Treatment options for spinal muscular atrophy
There are two SMN genes that produce the protein that is low in spinal muscular atrophy patients: SMN1, which is efficient at making the protein, and SMN2, which is only about 10% as efficient. Current treatment options for spinal muscular atrophy include:
- Gene therapy (FDA-approved): A one-time treatment in which a virus is delivered systemically to replace the SMN gene. The goal of gene therapy is to replace SMN1. Currently, gene therapy is approved only for children under age 2. This method requires a significant amount of the virus, which is why it’s not yet feasible to treat adults.
- Antisense oligonucleotide (FDA-approved): An injection delivered into the spinal fluid several times a year. The goal of this treatment is to make SMN2 more efficient, like SMN1. Antisense oligonucleotide doesn’t distribute well throughout the body, which is why it must be injected into the spinal fluid. Many SMA patients must receive the injection in the neck because of previous spinal fusions or scoliosis.
- Small-molecule oral medication (under FDA review): An oral medication that must be taken daily for life. Like antisense oligonucleotide, this medicine helps the SMN2 gene produce protein more efficiently like SMN1.
“Fortunately, there are multiple strategies available for SMA treatment,” Dr. Arnold says. “Gene therapy and small-molecule medication have some potential advantages over the antisense oligonucleotide approach. Gene therapy is a one-time treatment by intravenous injection and the small molecule treatment is an oral medication that is taken daily. I predict the antisense oligonucleotide will be less frequently used once the small-molecule drug is approved, as this therapy requires an intrathecal injection.”

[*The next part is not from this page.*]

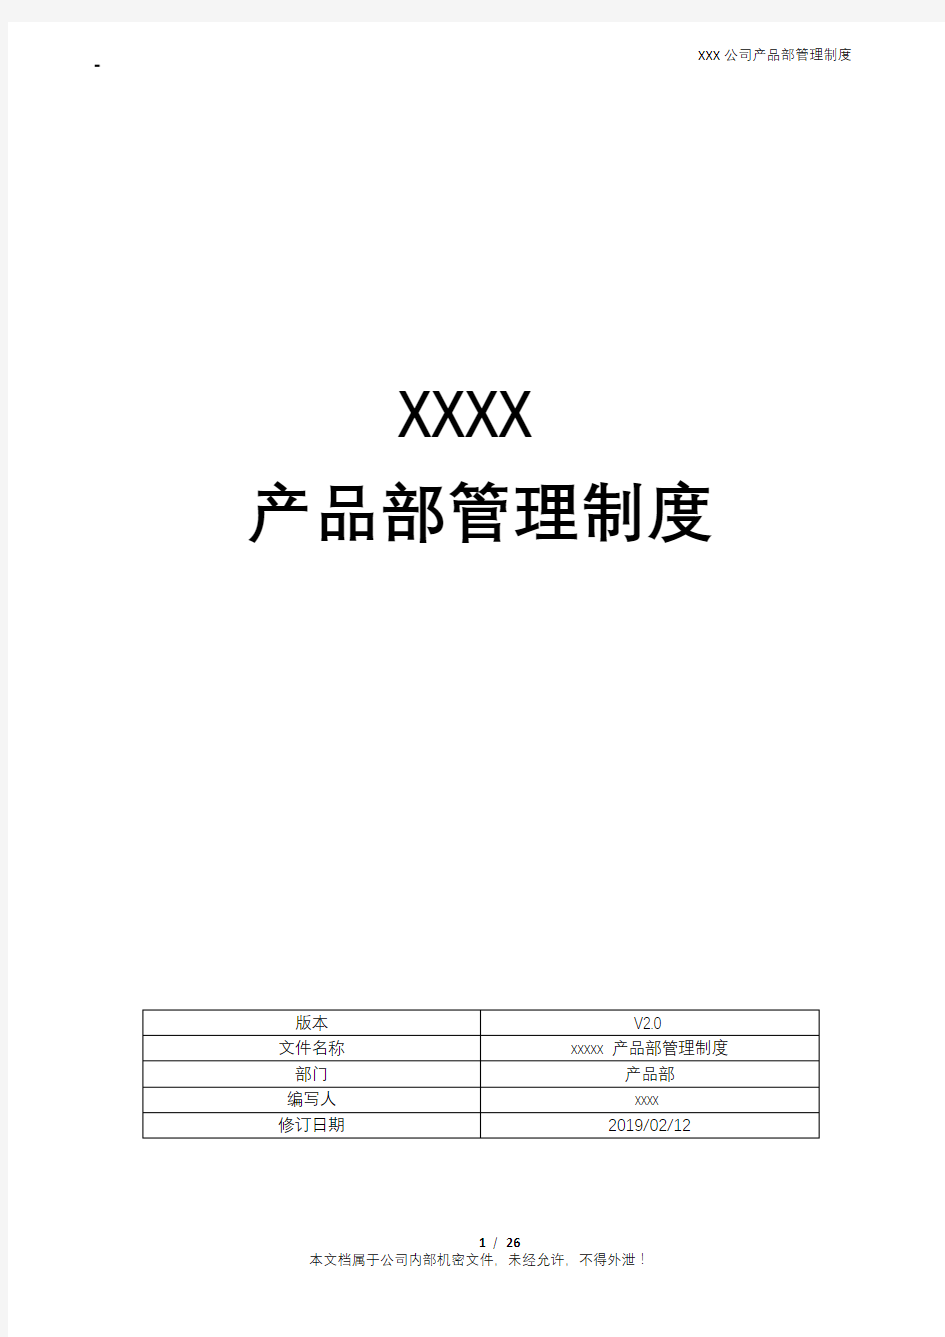 XXXX互联网公司产品部管理制度(含产品开发流程及规范模板)

Gene therapy research in the future
Ohio State is conducting a number of ongoing studies looking at gene therapy for other neuromuscular diseases, including another type of SMA (SMARD1) and Charcot-Marie-Tooth disorder, a degenerative nerve disease. Additionally, Dr. Arnold, who is an associate professor – clinical at the College of Medicine, is investigating genetic-based therapies to improve age-related loss of physical function.
“Gene therapy is being used for many different applications,” he says. “The technology for hitting the right cells and having the right dose is still in progress so that it can be applied to more diseases. There are different strategies for different diseases, and other Ohio State researchers are studying how best to deliver gene therapies to address different disorders.”
Reflecting on decades of research
“I was part of several of the pivotal preclinical studies, as well as the first-in-human clinical study, and was fortunate to be able to see the whole progression,” Dr. Arnold says. “There were days when I worked on all three studies (mouse, pig and human) on the same day. It was like I was stepping through different phases of the future.”
He was able to see firsthand what a difference gene therapy made in the lives of young patients.
“I got to see the first 15 babies who were treated with gene therapy every three months as part of the initial phase 1 study,” Dr. Arnold says. “They had this disease with a life expectancy of eight to 10 months, and we were seeing some of these children walking, talking and eating. Looking back, I don’t think I knew how amazing and historic it really was.”